Exercise aim:
Starting at the line that contains "Bamboo Fly Rods" and stopping at the line that contains "Skeletons decorate an", transcribe every line of the material below exactly; pictures stay out.

Working data:
:::

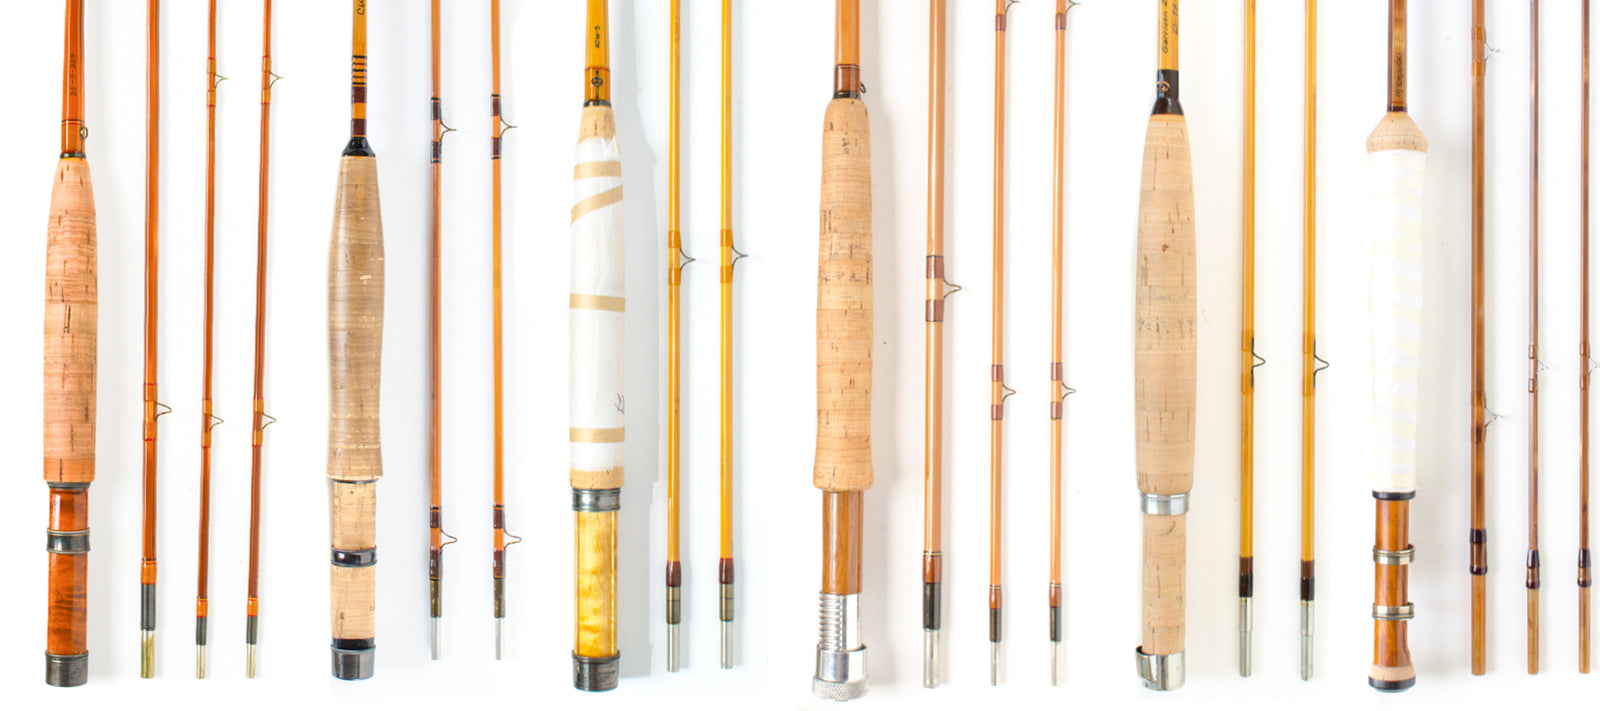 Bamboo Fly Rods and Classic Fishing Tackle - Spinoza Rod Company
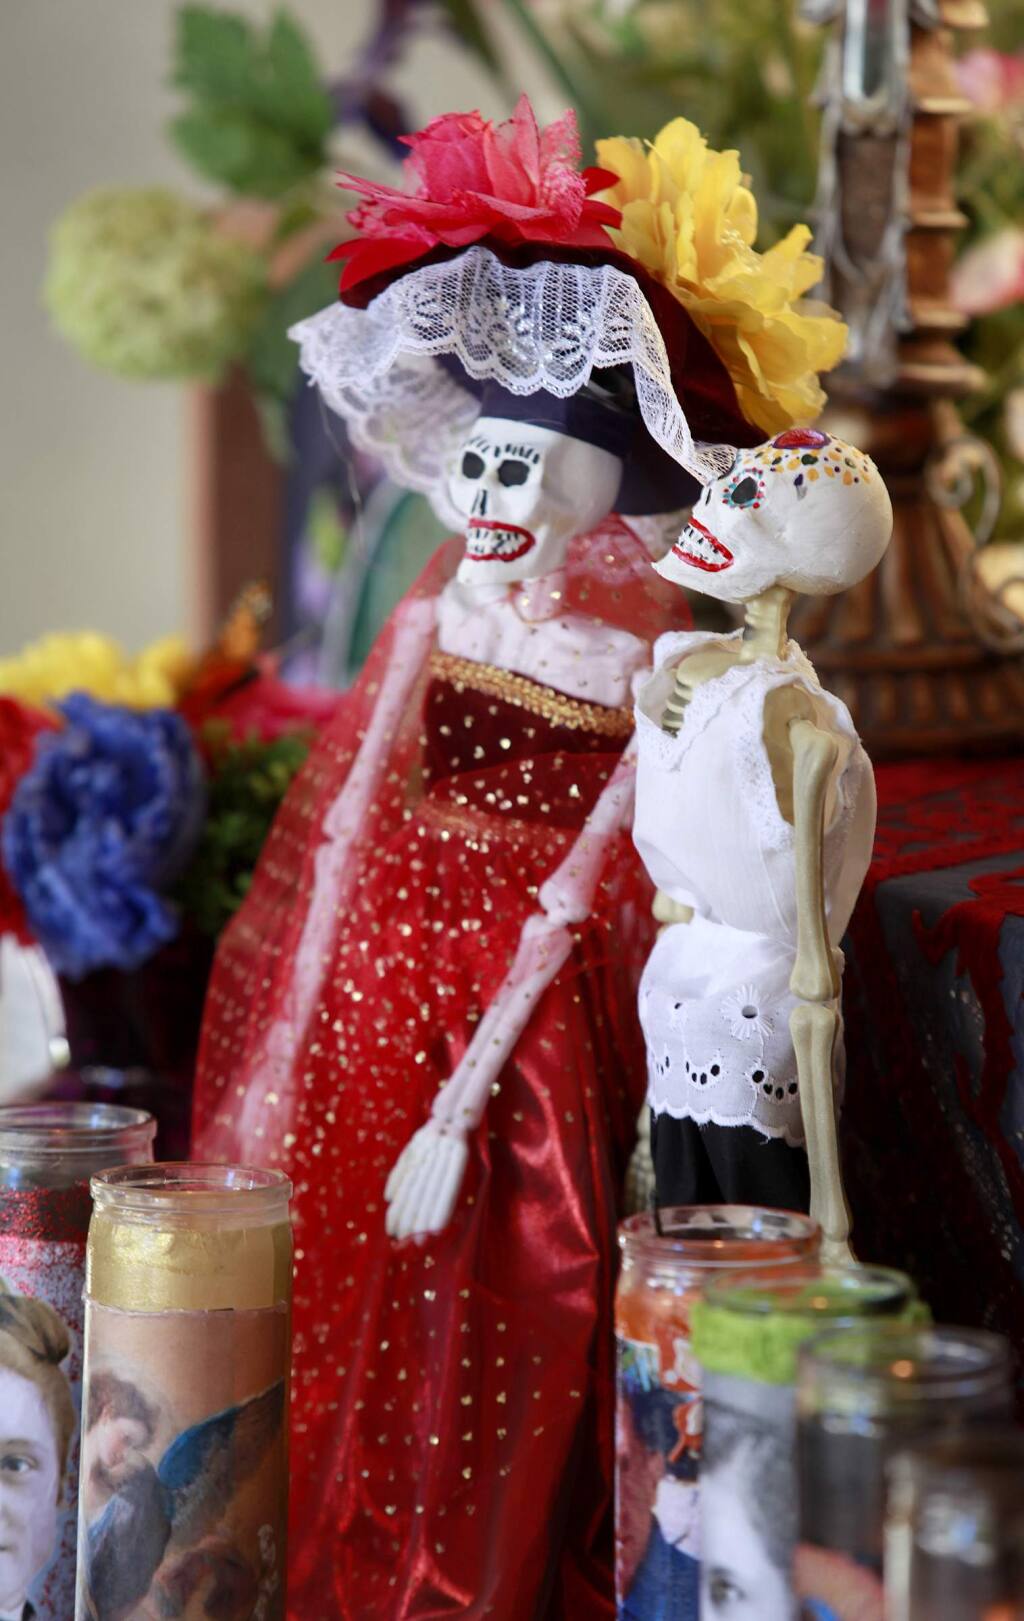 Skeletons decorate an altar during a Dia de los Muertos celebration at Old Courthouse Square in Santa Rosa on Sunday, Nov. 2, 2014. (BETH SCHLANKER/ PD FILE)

:::

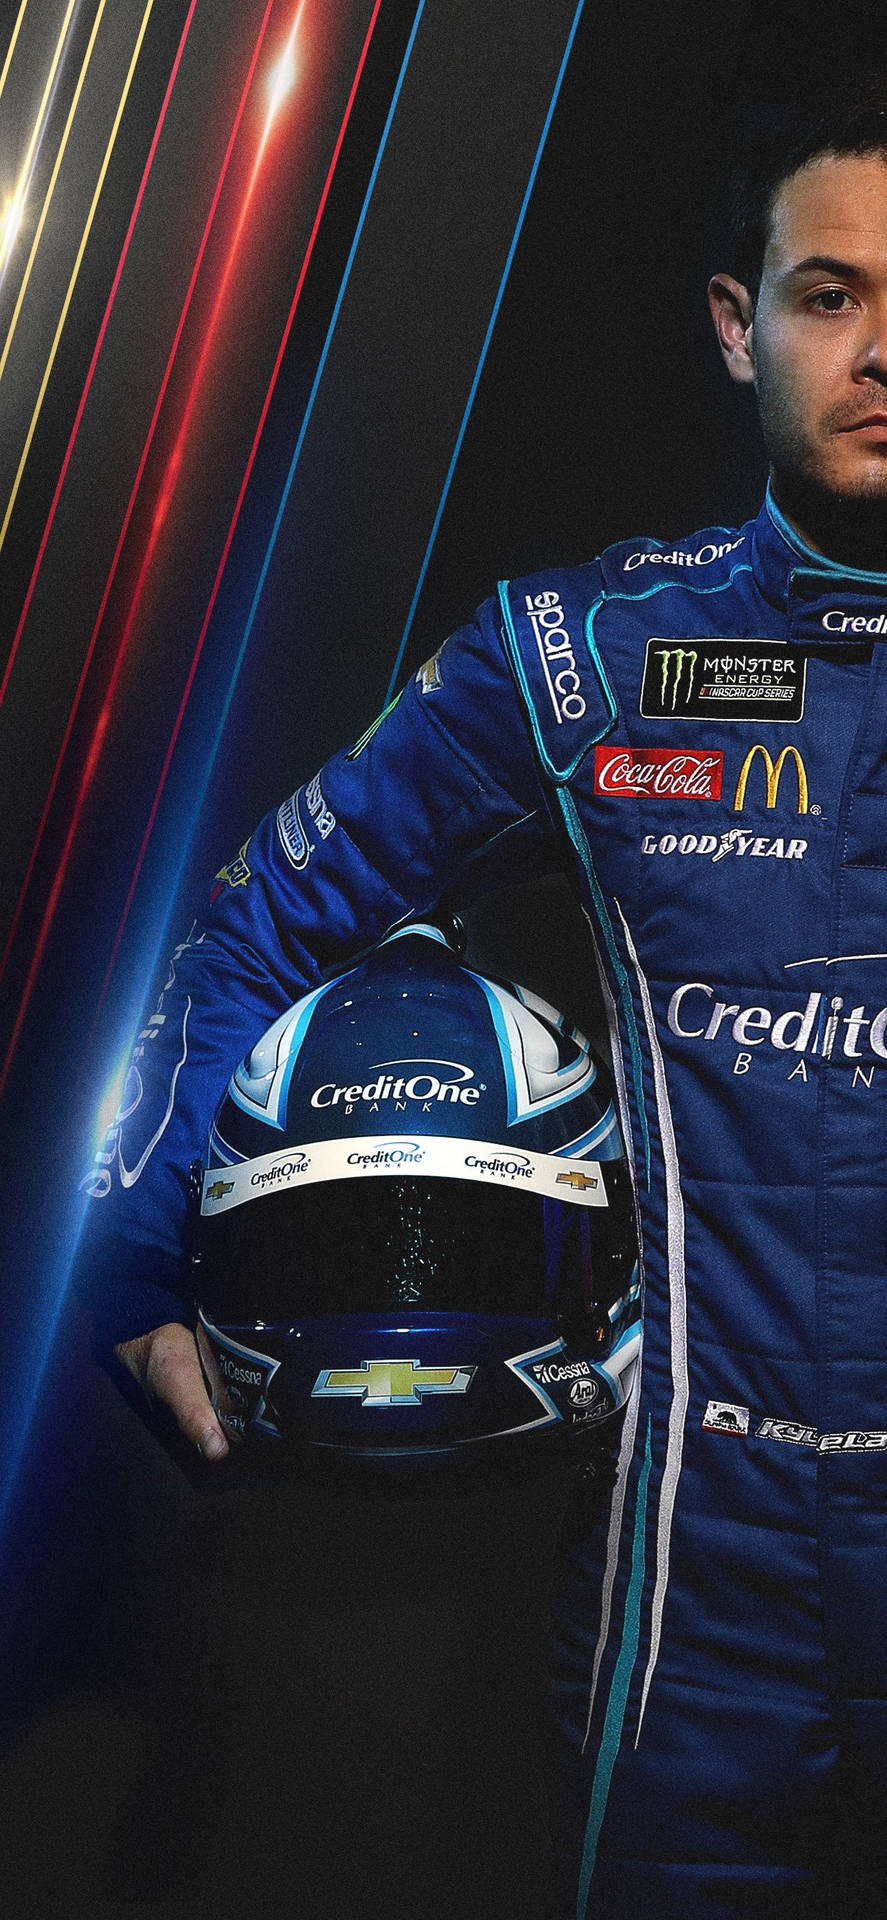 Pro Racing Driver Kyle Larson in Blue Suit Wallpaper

:::

Output for this exercise:
 Bamboo Fly Rods and Classic Fishing Tackle - Spinoza Rod Company
 Skeletons decorate an altar during a Dia de los Muertos celebration at Old Courthouse Square in Santa Rosa on Sunday, Nov. 2, 2014. (BETH SCHLANKER/ PD FILE)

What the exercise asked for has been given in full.